Let's see...
The last lie I told was earlier today (or yesterday, I guess) to a rather friendly telemarketer who was asking me if I was enjoying the beach where I live, as I am on summer vacation. I have not been to the beach in several months, possibly a year, but I told him otherwise, so I would not scare him off with my abnormality. I am too polite, sometimes.
The greatest lie I've ever told about myself? Well, I guess I have a couple of those: I once said and maintained lies like that I have the ability to teleport over great distances, that I am the leader of a paramilitary resistance force hidden in northern Scotland that works to lead a rebellion against Great Britain and establish Scotland as a sovereign nation, and then conquer Norway, and that I am actually a god of death in mortal form. How about
that?
The longest lie that I have ever maintained is one that I am going to stop maintaining right now. I have brought it up at every appropriate opportunity that my great-great-great-something grandfather was the legendary James Watt (He's the Scottish engineer who perfected the steam engine, thus kickstarting the Industrial Revolution, from whom we derive the unit of power. Did I tell you that he's my great-great-something grandfather?

).
As far out as these are, they're usually said somewhat facetiously.
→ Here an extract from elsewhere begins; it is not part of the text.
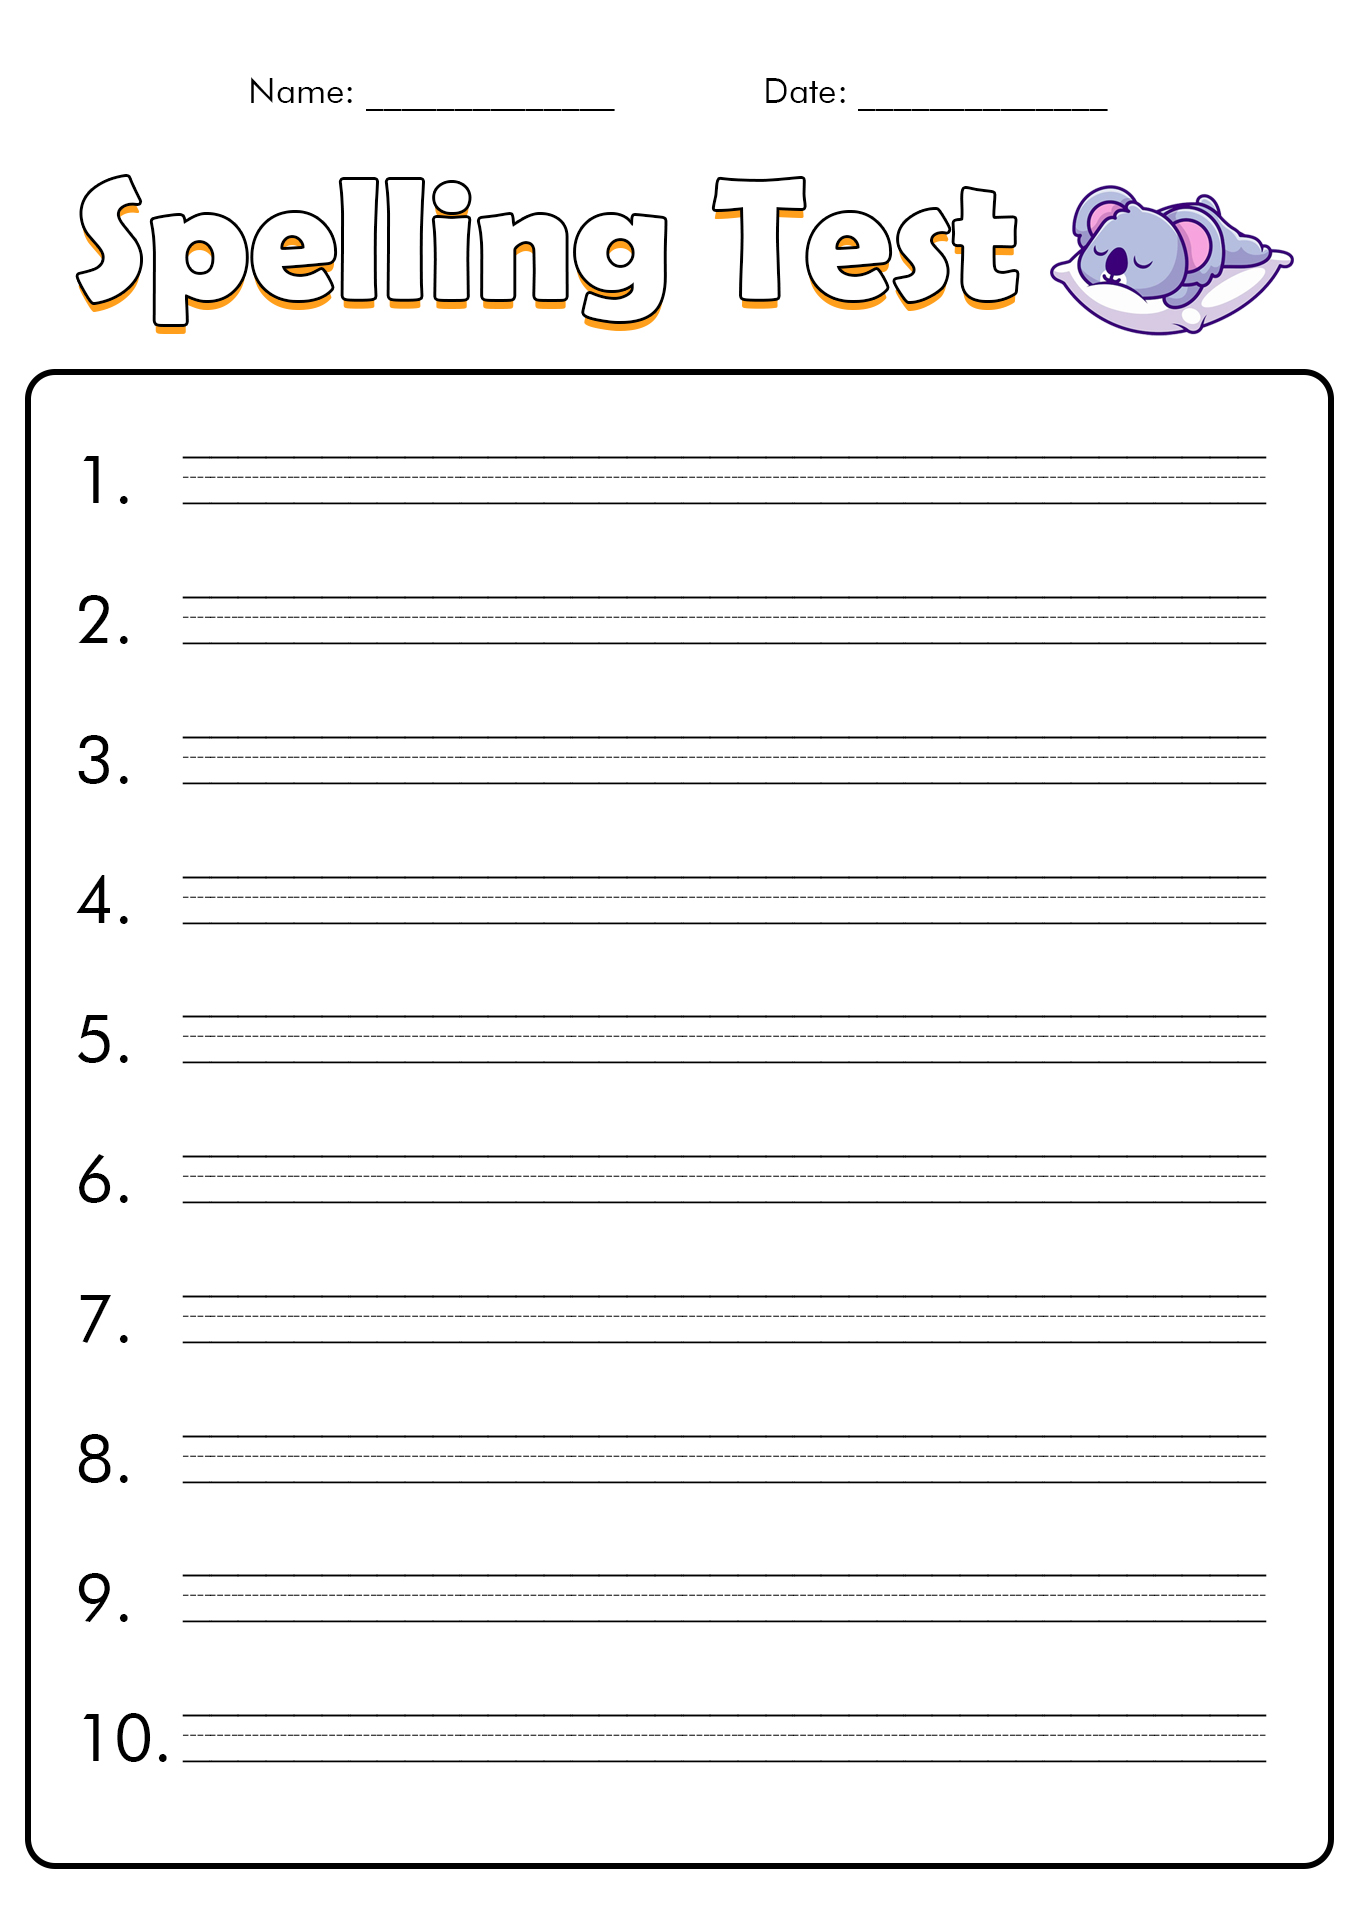 10 Best Images Of Free Printable Spelling Test Worksheets Printable Spelling Practice

My little brother, on the other hand, is the bad kind of liar, the one who lies to get his way. After a week in drug rehab, he kept on saying that he had given up on drugs. Apparently, he's very good at lying, for when he got back home he announced that his plan for his life was to continue smoking marijuana until he was 18 or 20 or something. He's quite manipulative, and there have been times in the past when he has denied wrongdoing up and down until we were convinced, only to admit his crimes when the heat was off.